*** DATA BELOW Section Begins ***

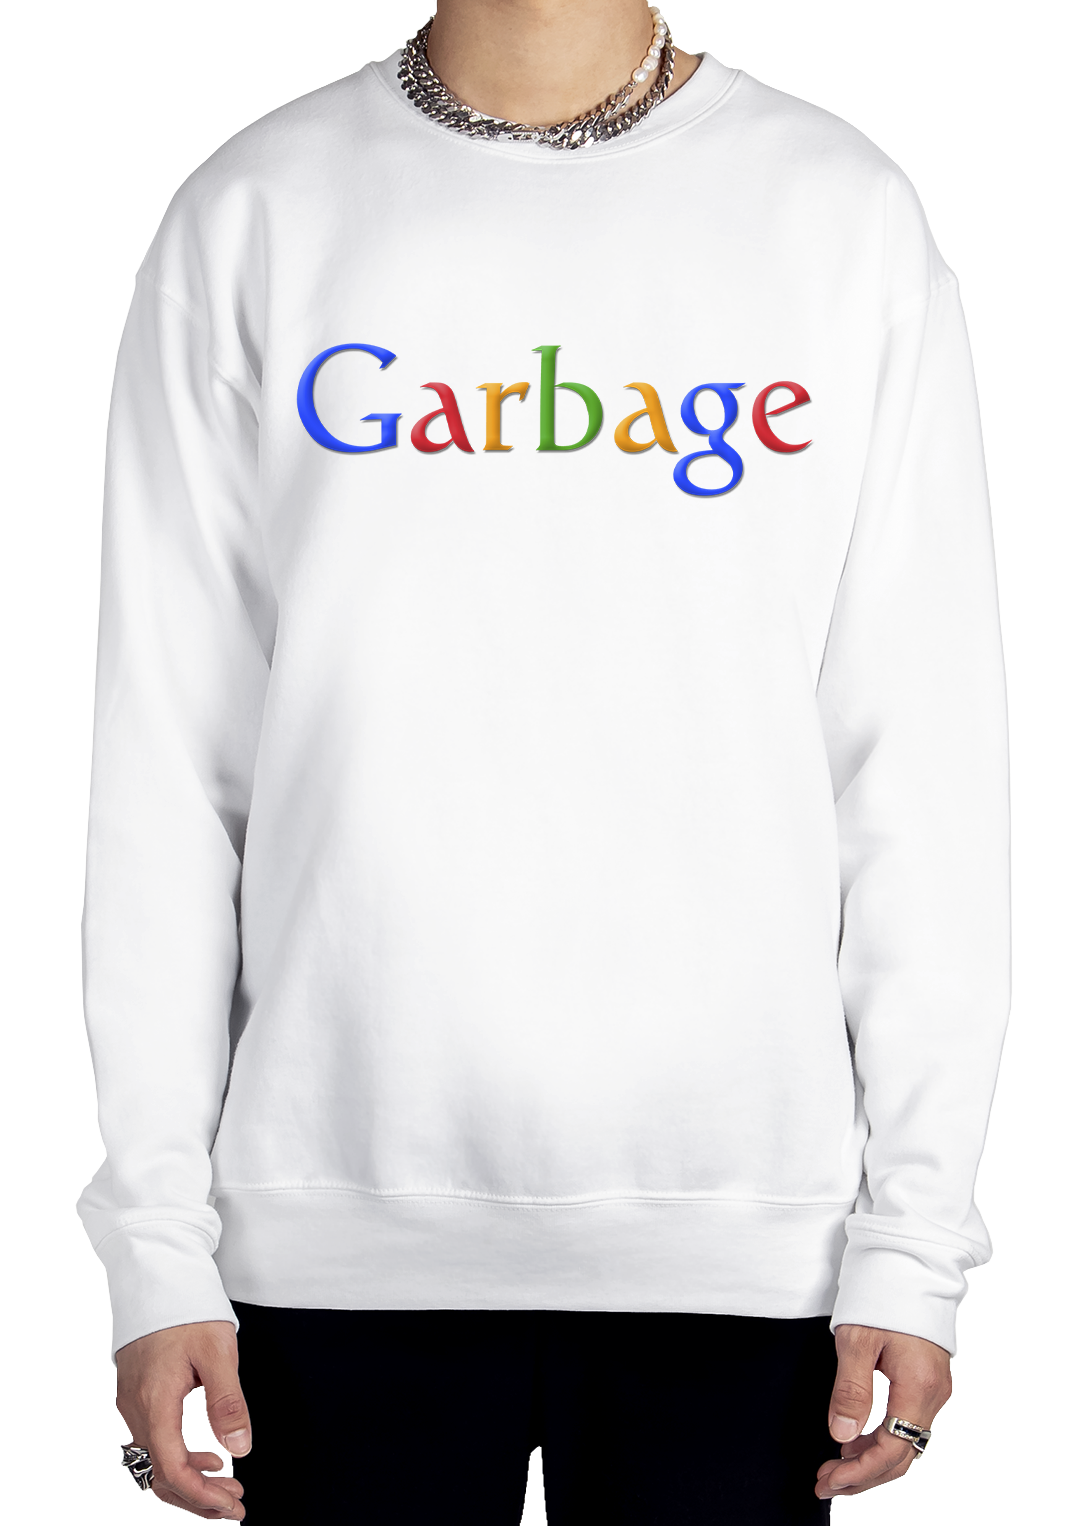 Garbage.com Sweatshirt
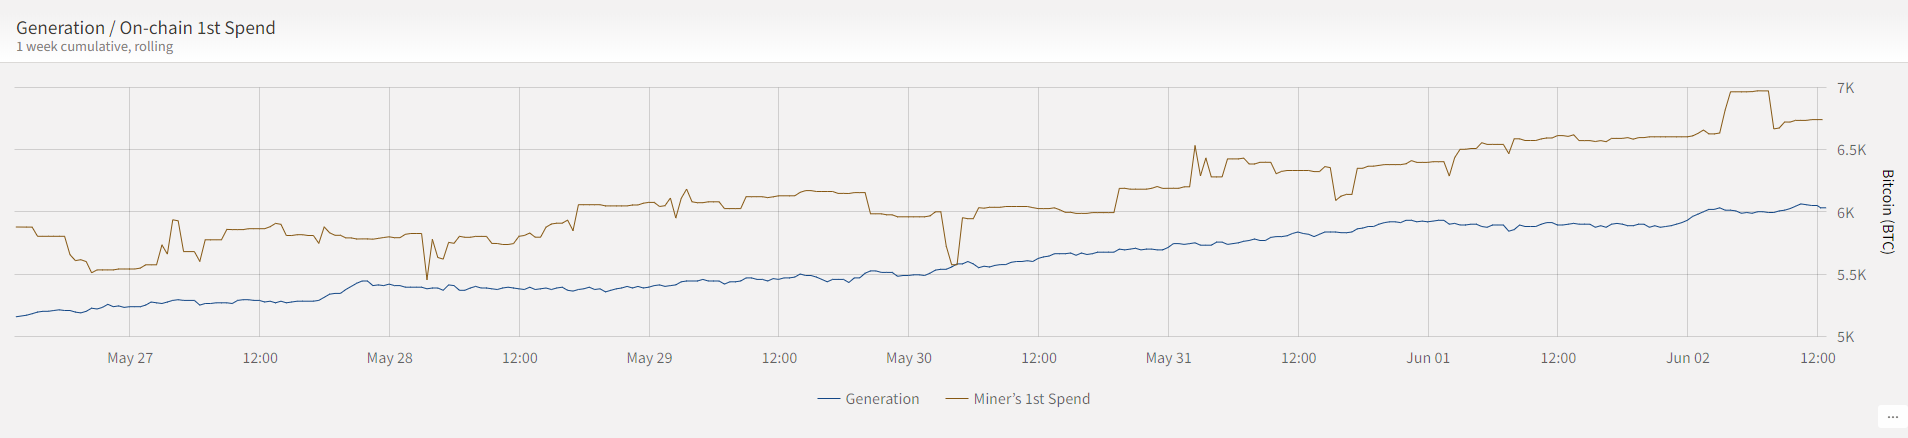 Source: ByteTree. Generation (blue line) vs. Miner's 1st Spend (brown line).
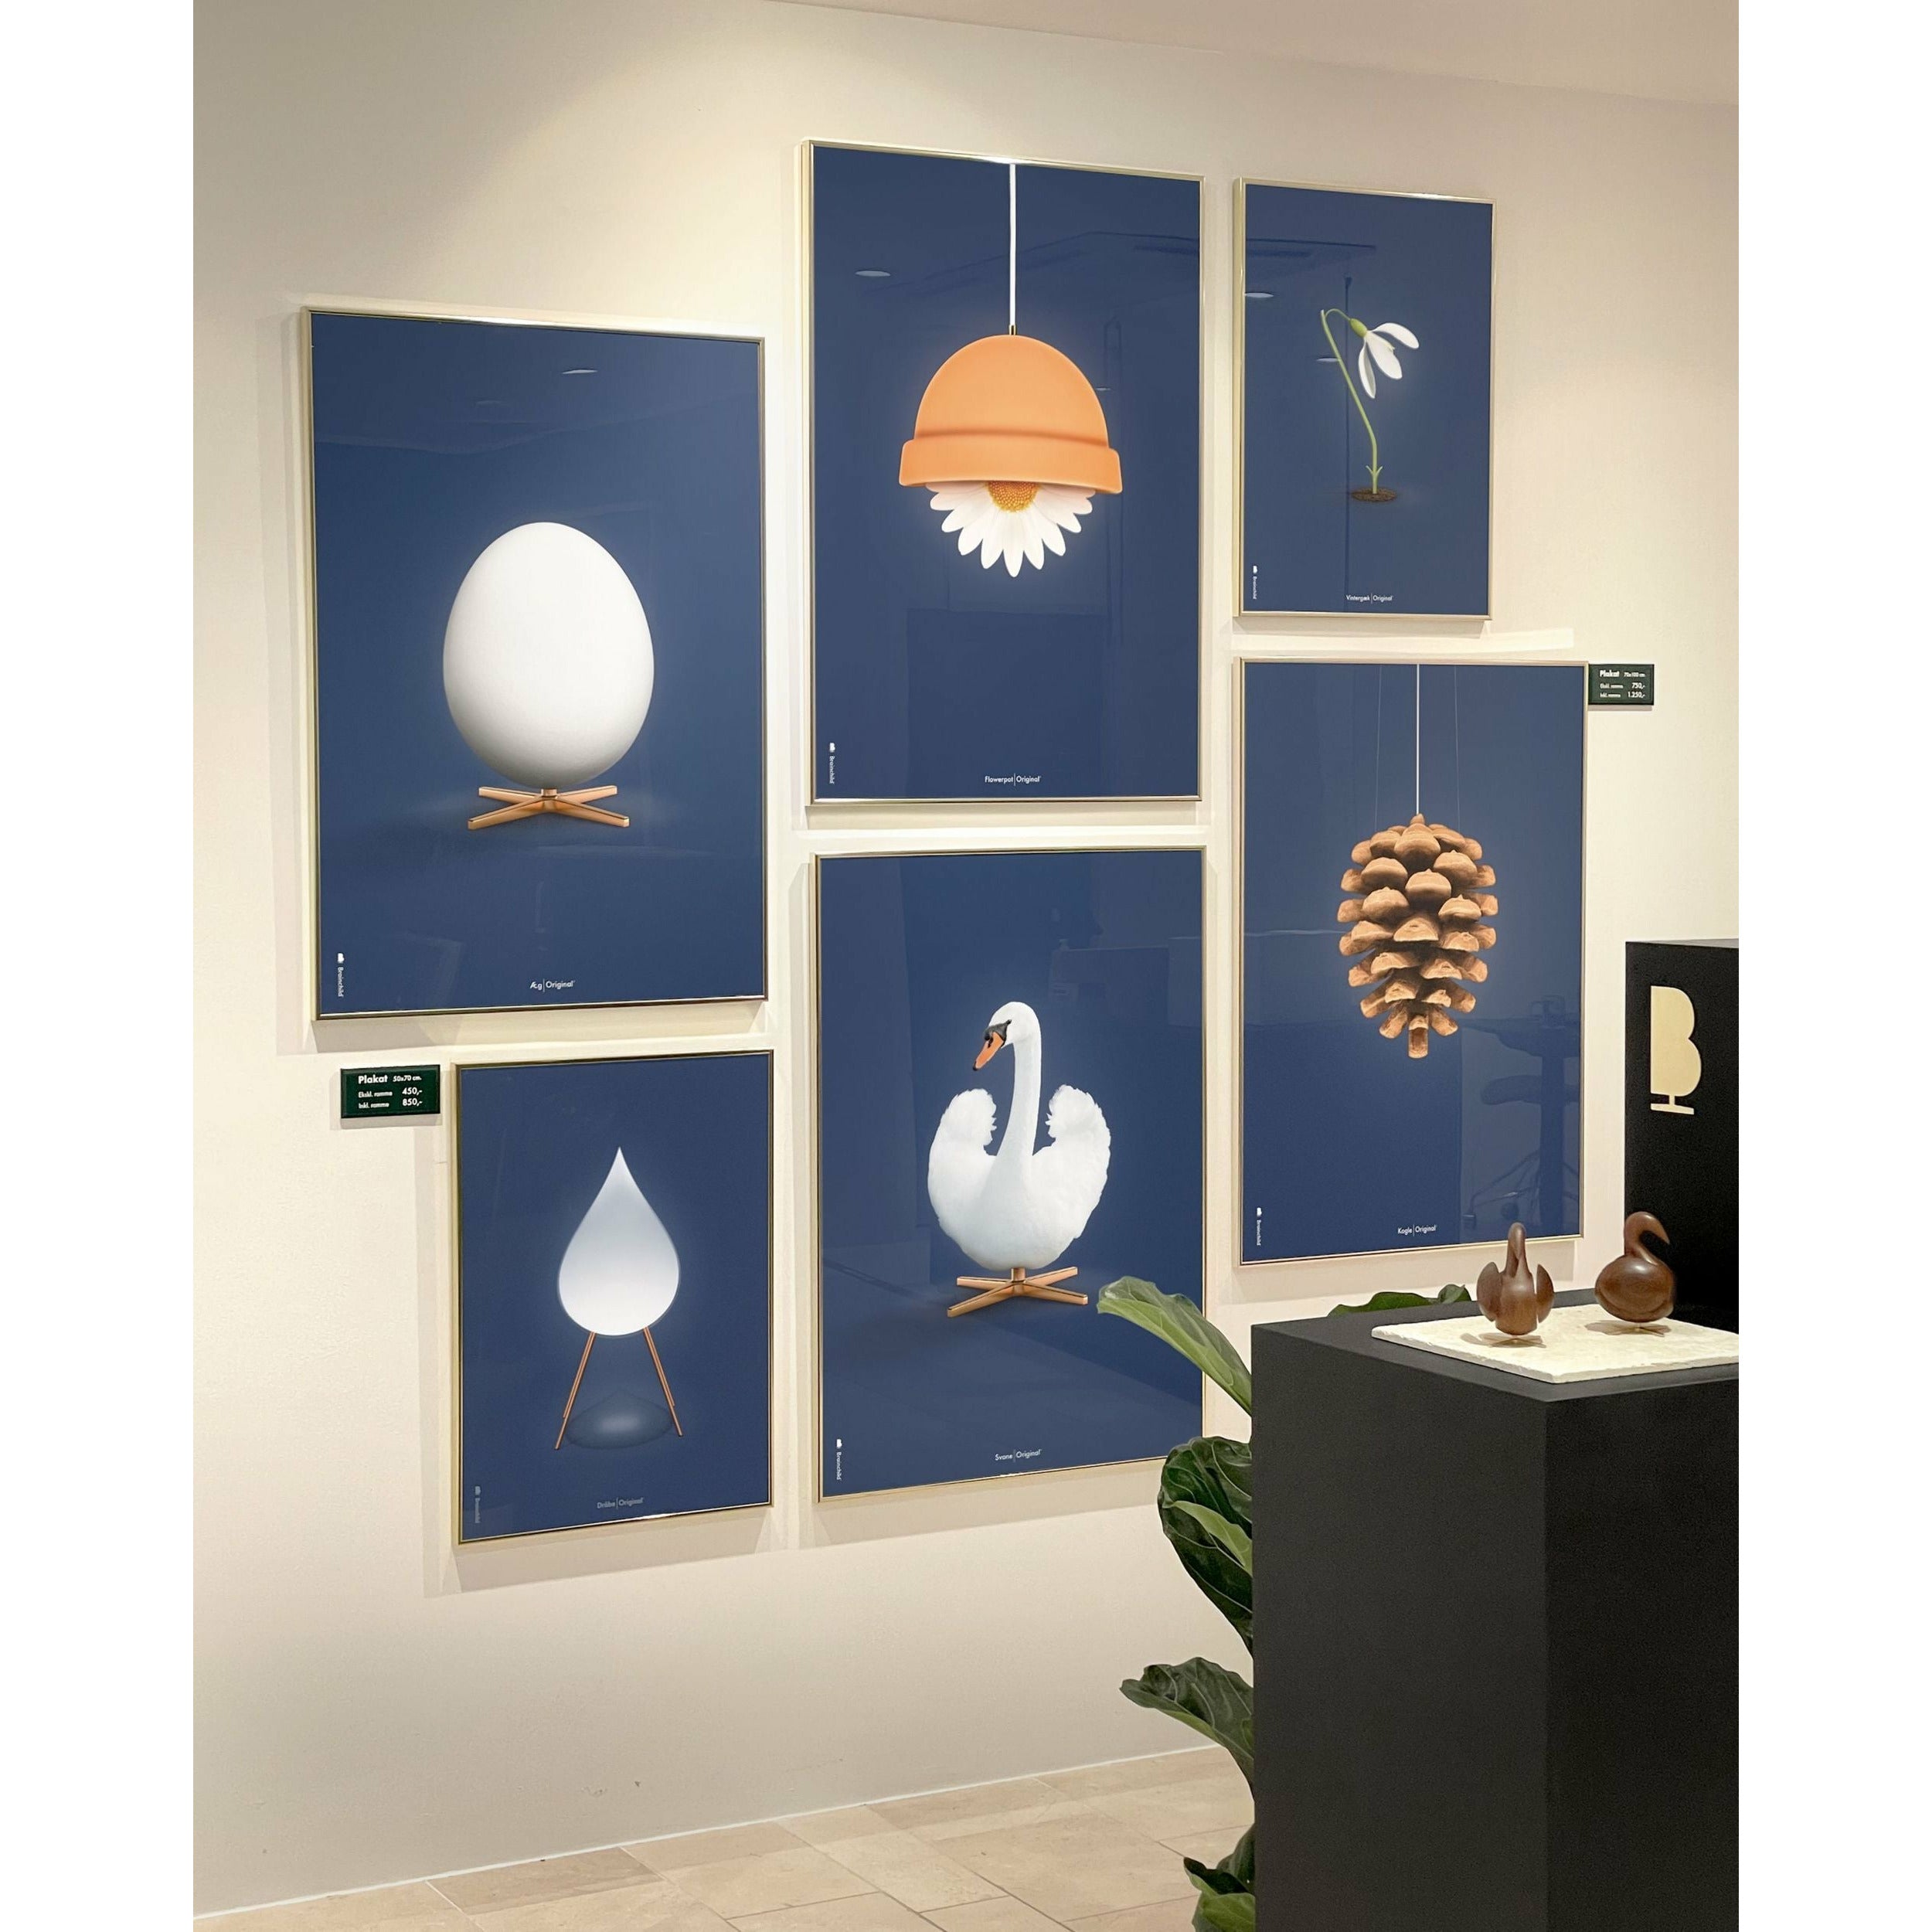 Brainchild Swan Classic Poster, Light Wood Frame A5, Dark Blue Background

*** DATA BELOW Section Ends ***

The data above is to be printed exactly, all of it, except for the pictures.

### ANSWER TO THE EXERCISE
 Garbage.com Sweatshirt
 Source: ByteTree. Generation (blue line) vs. Miner's 1st Spend (brown line).
 Brainchild Swan Classic Poster, Light Wood Frame A5, Dark Blue Background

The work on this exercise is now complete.